To Dawson, the acquisitions show that Microsoft has acknowledged its prior failures in building compelling service-agnostic apps that run on rivals' platforms, and has realized that it must do that faster than it could create them in-house. "Microsoft probably could develop some of these apps on its own. But it would take a long time and Microsoft clearly doesn't think it has that time," Dawson wrote on Tech.pinions.
Also in play is the company's long-standing cultural preference for creating on Windows, with little if any thought to other platforms, even if those have the vast bulk of the mobile device market. Buying smaller companies with proven expertise in building Android and iOS apps lets Microsoft sidestep the Windows-first attitude that still dominates its engineering staff.

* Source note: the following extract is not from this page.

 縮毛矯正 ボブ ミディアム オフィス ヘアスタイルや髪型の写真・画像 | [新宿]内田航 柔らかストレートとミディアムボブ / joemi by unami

"[These acquisitions] shouldn't trigger despair but hope on the part of those who have faith Microsoft will do better," Dawson wrote. "That Microsoft is willing to accept it perhaps doesn't have the wherewithal to create these products, given the people and assets it has, is a positive sign, not a negative one, at this point."

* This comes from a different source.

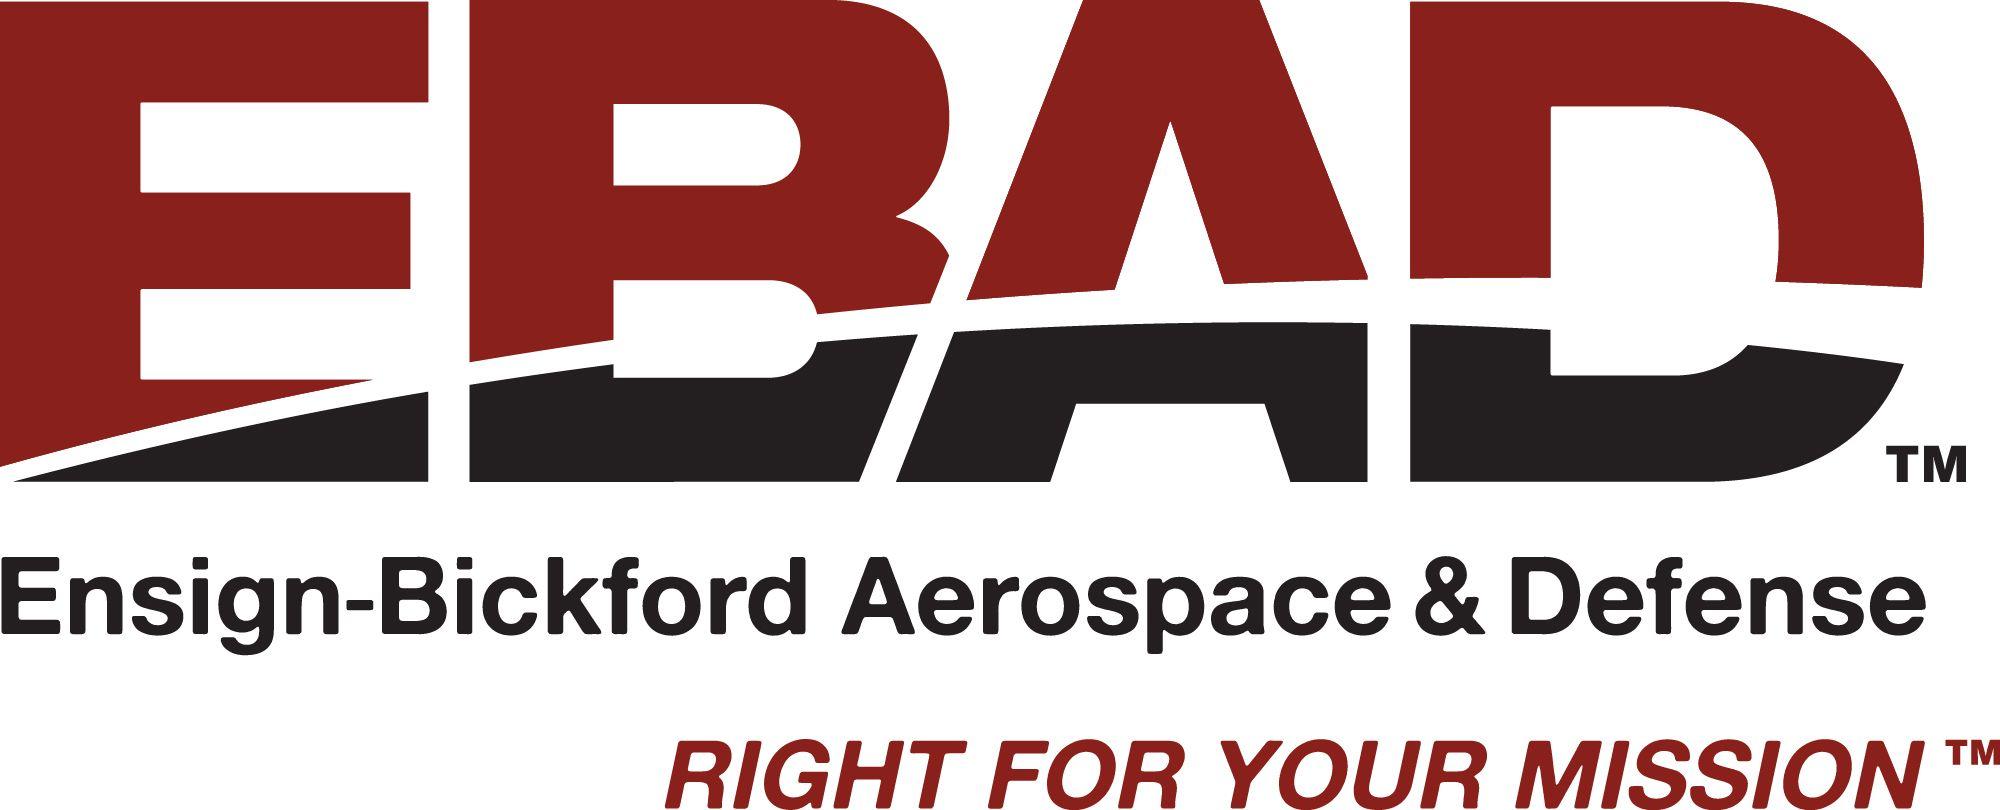 Ensign-Bickford Aerospace & Defense

Like Acompli, Sunrise not only comes in editions that run on both Android and iOS, but also taps into a variety of services from rivals, not just Microsoft's own Exchange, still the standard for businesses. Sunrise, for example, gathers appointment data from Google's and Apple's calendar services, as well as Exchange. It also pulls in reminders, events and to-dos from the likes of Evernote, Facebook and Todoist.
The true test for Microsoft, said Dawson, will be how well it expands the footprint of the acquired technologies and user experiences beyond mobile and onto the desktop. That's necessary to make good on Microsoft's expressed plan to create software that works, looks and operates similarly on all devices, on all platforms.

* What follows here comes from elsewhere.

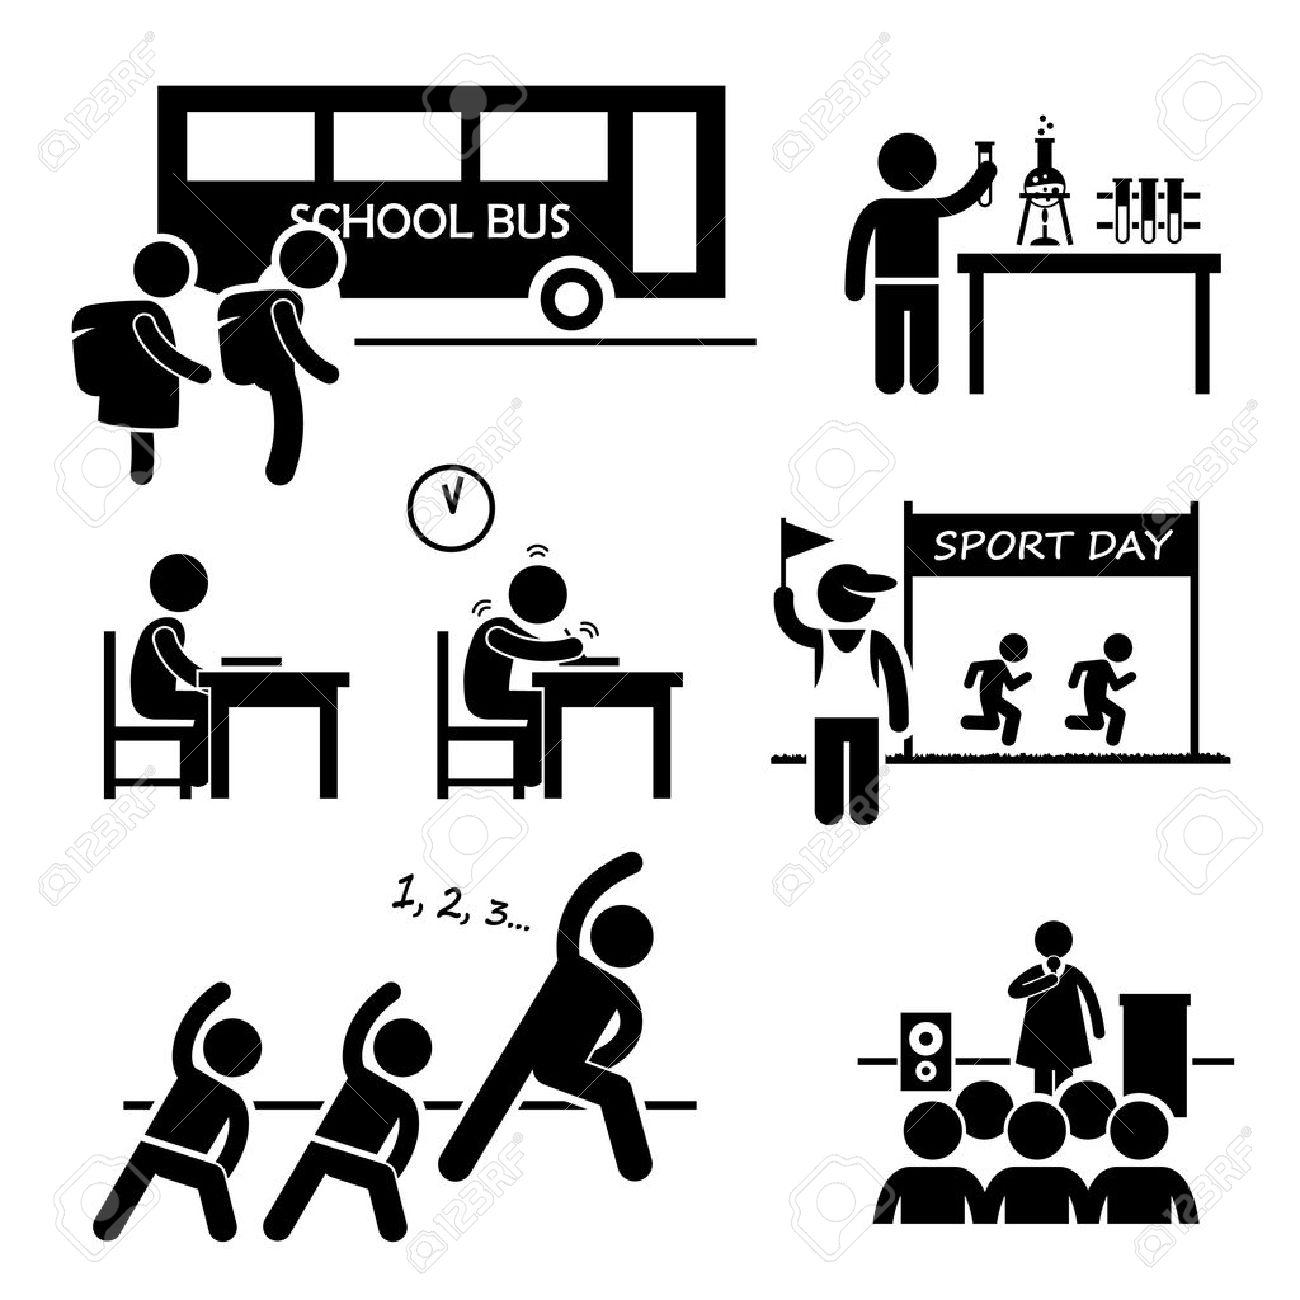 学生スティック図の絵文字アイコンのクリップアートの学校

Dawson cited the Mac edition of Office as the old Microsoft, which favored Windows and only begrudgingly created a suite for OS X, one that most saw as sub-standard. With Windows' share of all devices rapidly falling as iOS, and especially Android, dominate smartphones and tablets -- and as Windows-powered personal computer sales slump or at best stall -- Microsoft cannot afford that thinking: Apps on rival operating systems must be top-notch, not simply adequate.
The question remains, however, what Microsoft hopes to get out of spending millions on acquisitions like Acompli and Sunrise which fancy Android and iOS, not Windows.
The answer so far as been Office 365, particularly the business-grade subscription plans. To use the Android and iOS Outlook apps for work, users must have an Office 365 subscription through their employers. Making Outlook even more compelling by adding Sunrise to its calendar functionality would, under that theory, prompt more people to use the app for work, thus pressing businesses to adopt Office 365 or expand the number of seats under its licensing.